A famous quote reads:
“The nicest thing about NOT planning is that failure comes as a complete surprise and is not preceded by a period of worry and depression”
We’ve all heard that if we fail to plan, we plan to fail and this is never more-true than when you are creating a book that you want to sell and earn plenty of money from!
Let’s start with the end in mind here and look at our intended result: to make money.
Now we can backtrack – to do that we need to sell loads of books. To do that we have to market our book well to the right audience (maybe we have a publisher backing us, maybe not, but marketing your book is essential to generate sales).
So now we know that marketing is essential, but who shall we market TO? This is where your earlier planning comes in! If you didn’t do any pre-planning when writing your book you are likely to have wasted more time than necessary.

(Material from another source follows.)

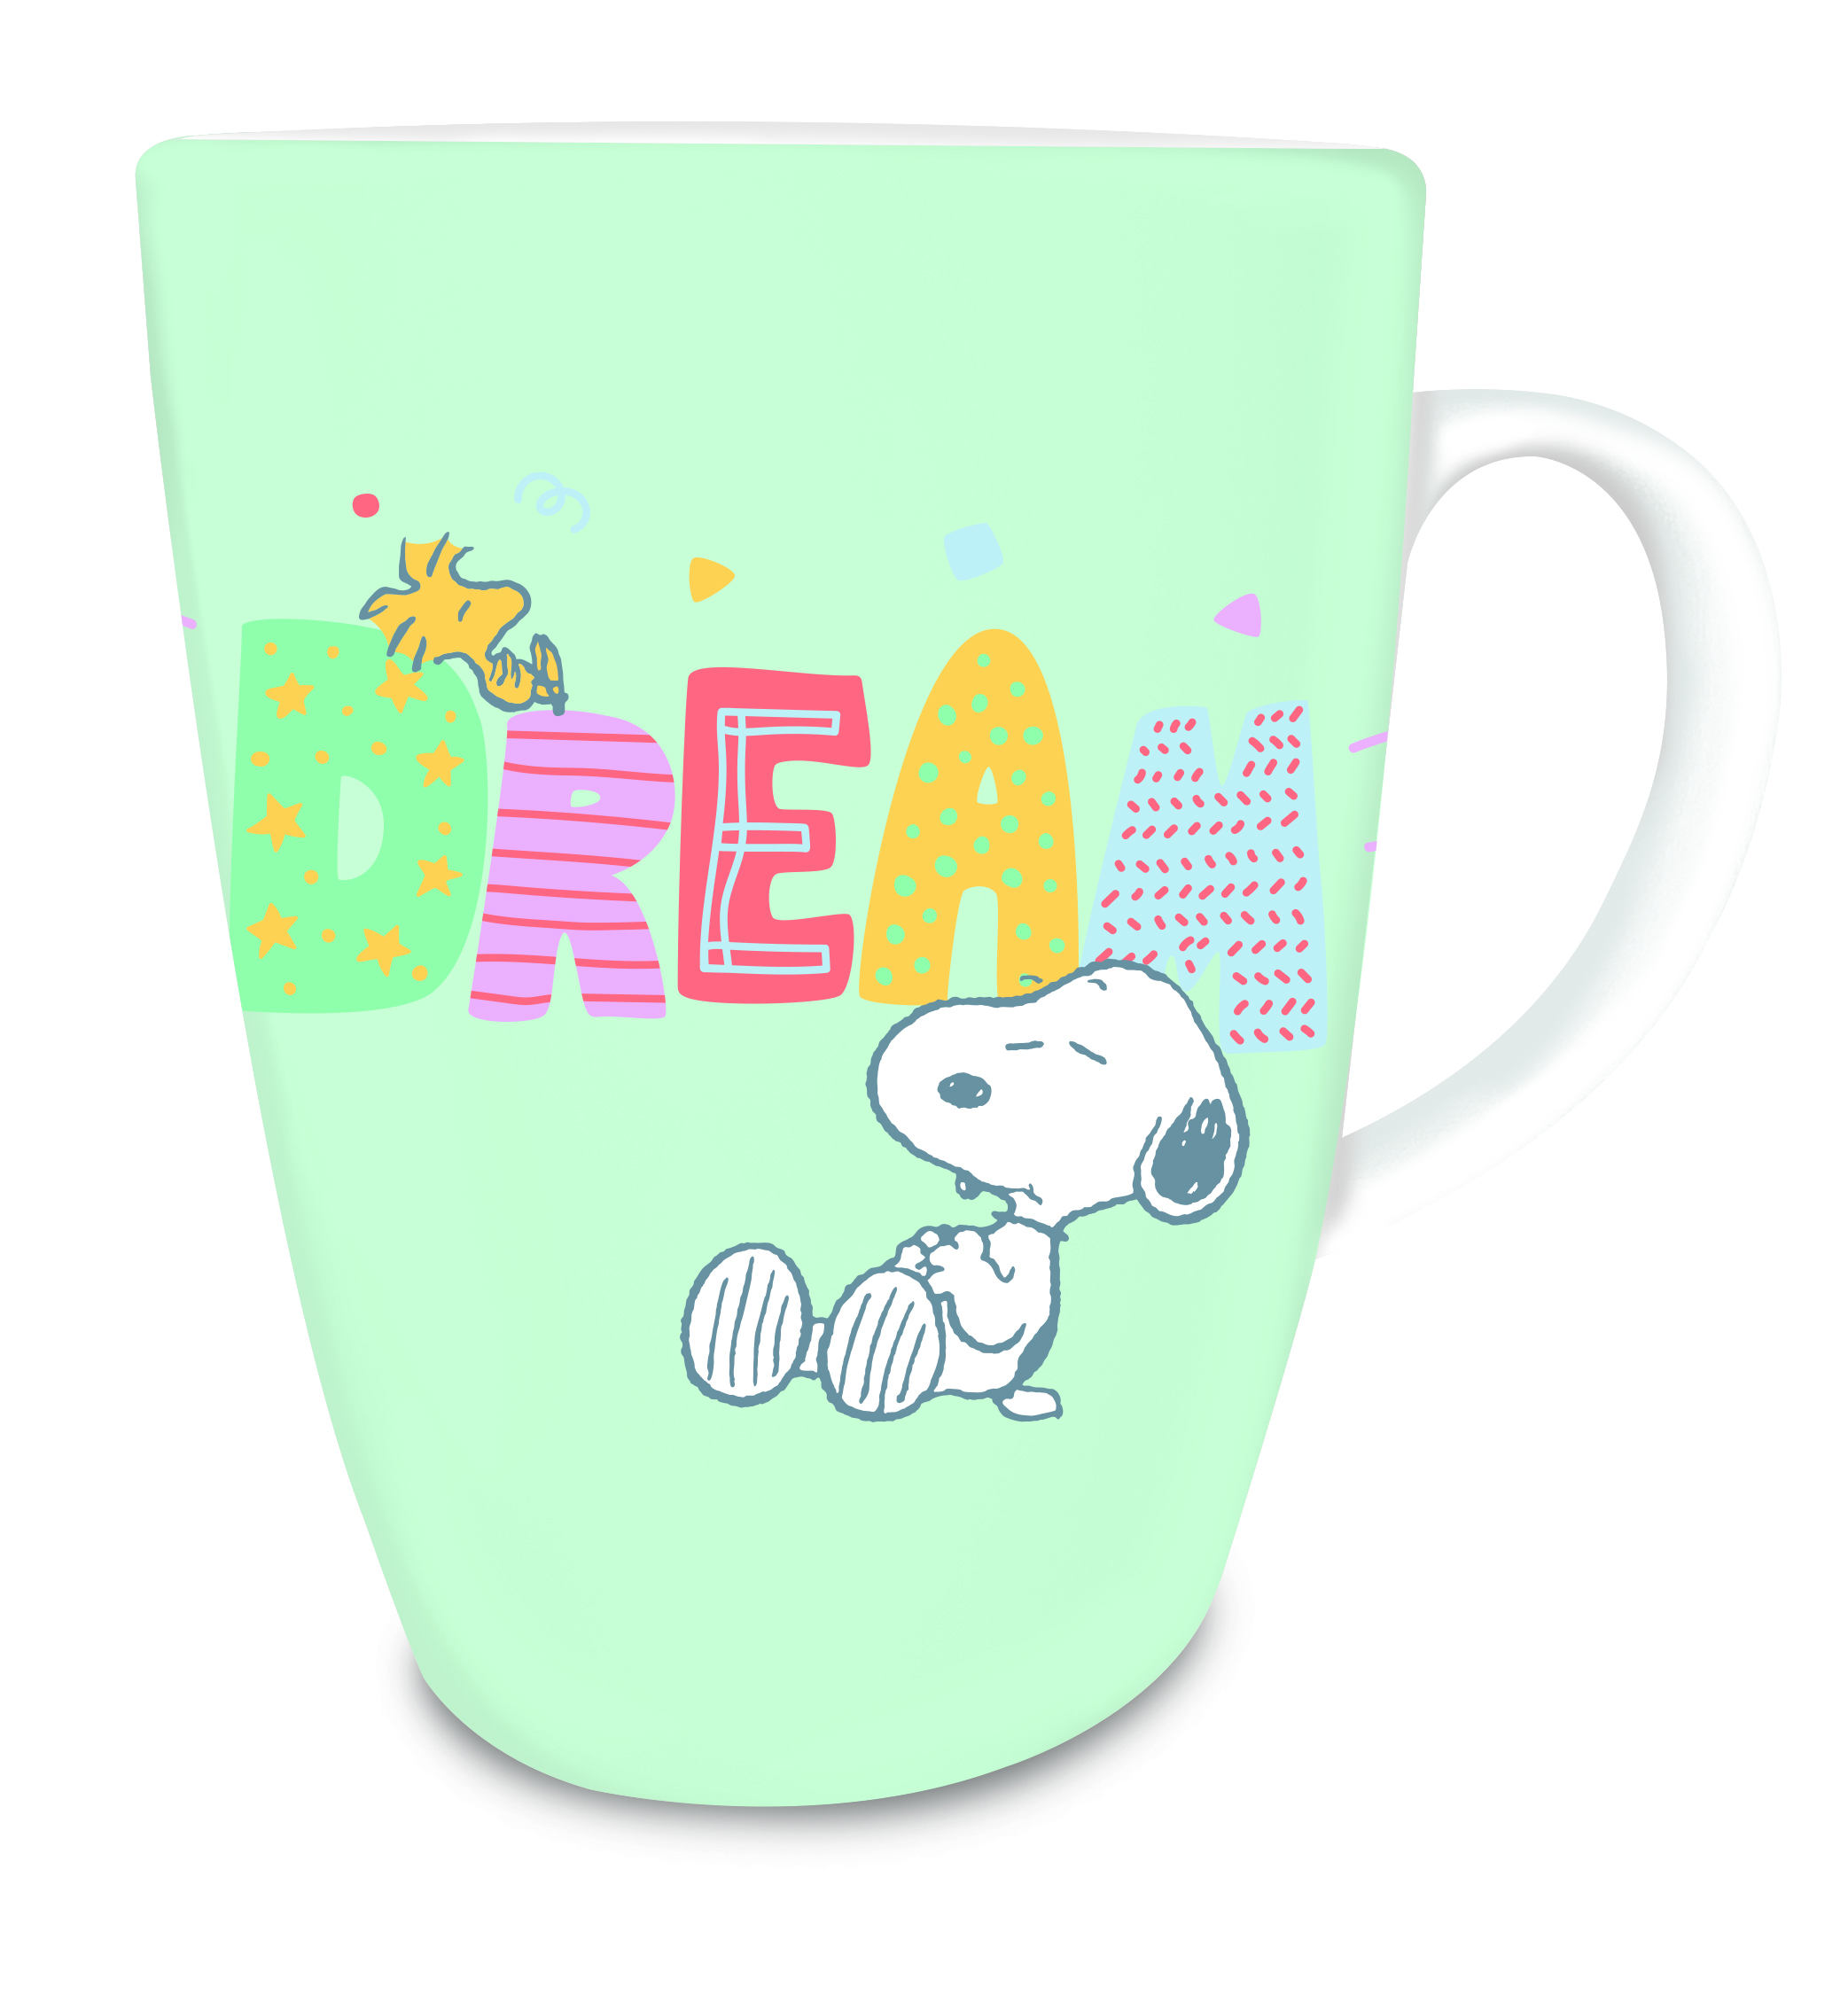 Get a free limited edition Peanuts Snoopy Cup with purchase of Darlie toothpastes - 2

Your book can still be knocked into shape ready to be marketed and sold but if you have a clear idea of who is going to buy your book from the outset, then you will have more direction when creating the book, greater focus, and the conviction needed to keep going and finish the work when you hit a plateau along the way where the end seems so far off.
Planning takes thought and time and it’s tempting to want to rush in and ‘get on’ with your book rather than spend this careful time in the planning stage, but the clarity that planning gives you will be worth the time spent and you will most likely accelerate your book further, faster for the time spent planning, so a proposition for your book is a must at the early stages of writing.
To write something that will sell, and not just something for your own enjoyment, you will need to address your readers’ number one concern: “what’s in it for me?” This means you will have to put some structure around your thoughts, to answer their possible questions and this requires some thinking about. But not only that, you will need to create content that your market will want so that they buy, and to do that you need to know who your market is.
My first book is called “The Virtual Assistant Handbook: insider secrets for starting and running your own profitable VA business” and my intended audience is existing Virtual Assistants and people who are thinking of starting up a VA business. Because I had an idea of who would be buying the end result, I could ‘chunk down’ further to address their concerns. I knew that many VAs who enter this profession do so from a career background as a PA, Secretary, Office Manager or Administrator so they would most likely come from a corporate background. My book contains references to corporates and how the style of communication within them may not necessarily be the right way to speak to their new small business customers. This is just one example of an area where planning out my end market helped to shape the content of my book.
To plan your book out and find the market that will eventually buy it, you will need to set aside some dedicated time to really think about the issues facing your readers, which direction you want the book to take and how you will get there. Look at some books with similar content – your ‘competition’ and see who they are marketing to. Would this audience work for you too? If there are already books on ‘your’ desired subject, this isn’t a bad thing, it means that there must be a market for this kind of book. You just have to make yours sufficiently different enough and address something that the others don’t or have a unique angle on the subject to motivate your readers to buy.
By taking time to work on the big picture, you can get on with creating the ‘little picture’ – your creative work. The time spent planning and researching your end market will be recouped many times over when your book is a best seller!